Pilosella Pilosellina group
- Family: Daisy Family – Compositae, subfamily Cichorioideae (formerly Chicory Family – Cichoriaceae)
- Growing form: Perennial herb. Often with runners, sometimes with short runners–runnerless.
- Height: 5–25(–40) cm (2–10(–15 in.). Stem unbranched, hairy, sparsely leaved–leafless, scape-like.
- Flower: Single flower-like capitula usually 1.5–2 (0.6–0.8 in.) cm broad, surrounded by involucral bracts. Capitulum flowers pale–dark yellow (outer bracts often red-streaked underneath), tongue-like, tip 5-toothed. Stamens 5. Gynoecium composed of 2 fused carpels. Involucral bracts in many rows, tapered–quite tapered, varyingly with star, unbranched and glandular hairs. Solitary capitulum terminating scape.
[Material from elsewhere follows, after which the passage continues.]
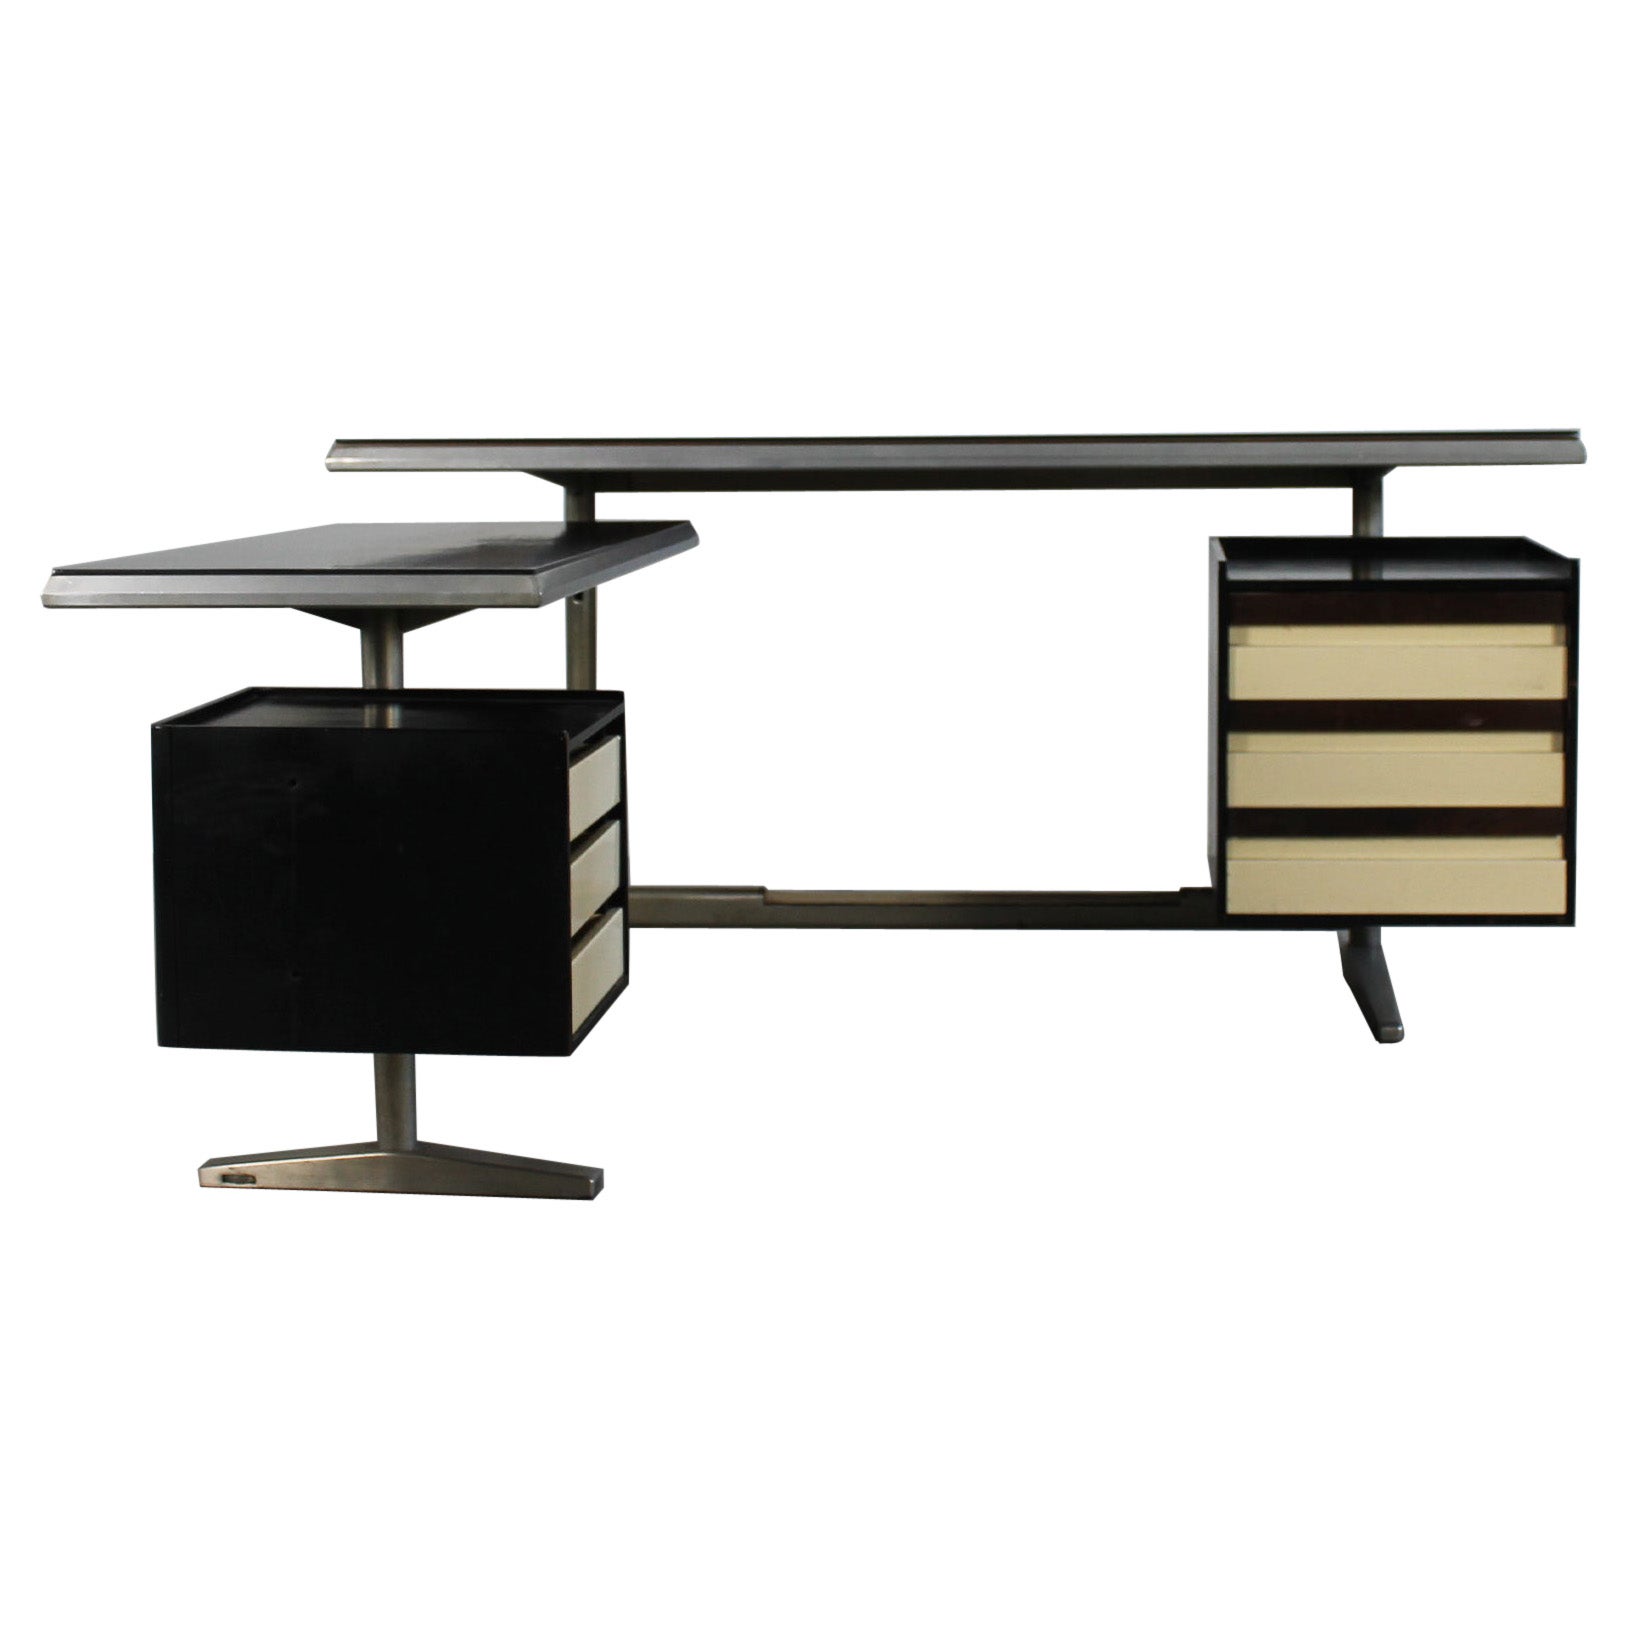 Studio PFR Office Desk with Drawers in Metal and Wood by Rima 1965 Italy

- Leaves: In basal rosette and sometimes alternate on stem, almost stalkless. Blade elliptic–lanceolate–narrowly obovate, with entire margins, (sometimes small-toothed), top straight-haired (straight hairs sometimes absent), densely stellate-haired underneath and sometimes on top.
- Fruit: Round, grooved, 1.5–2.5 mm (0.06–0.1 in.) long achene crowned with yellowish brown unbranched hairs.
- Habitat: Dry meadows, meadow river-banks, roadsides, banks, yards, rocky outcrops, sandy meadows, light-filled slopes.
- Flowering time: June–July.
Hawkweeds are one of Finland’s most diverse plant groups. Their seed subject matures into a seed without receiving pollen from another plant, which means that descendants are clones of the mother plant. The smallest hereditary deviations thus constitute permanent new forms. Thousands of these kinds of micro-species have already been described. Genus Pilosella was originally separated from the hawkweed group because its members form a clear genus of plants with scapes and leaf rosettes which reproduce sexually.
Genus Pilosella is often further divided into two groups: mouse-ear hawkweeds (Pilosellina) have only one capitulum while genus Cauligera have many. The genus can also be divided into around 20 large species, of which a dozen grow wild in Finland. Within these large species there is much diversity, and some of these even cross-breed with other large species.
Mouse-ear hawkweeds in Finland are all grouped into the subspecies Pilosella officinarum, or alternatively these forms can be regarded as independent species (e.g. shaggy mouse-ear hawkweed, P. peleteriana or P. officinarum ssp. peleteriana and mouse-ear hawkweeds, P. officinarum or P. officinarum ssp. pilosella). It is good to remember, however, that these divisions are completely artificial: mouse-ear hawkweed is not a species in the way that we usually think of a plant or animal but rather a highly diverse species group comprised of about 150 micro-species. The differences between them are often extremely small and only identifiable by experts, so it is more sensible for the majority of amateur and professional botanists to divide mouse-ear hawkweeds into larger units. Broadly-defined mouse-ear hawkweed is easily identifiable.
Mouse-ear hawkweed grows in dry, sunny places such as rocky and sandy fields, and it also thrives in old cultural environments. It can’t stand shade at all and needs a lot of light. In suitable habitats it spreads widely, forming patches of dense, mat-like stands which often attract attention from a distance with their silver-grey leaves and lively yellow capitula.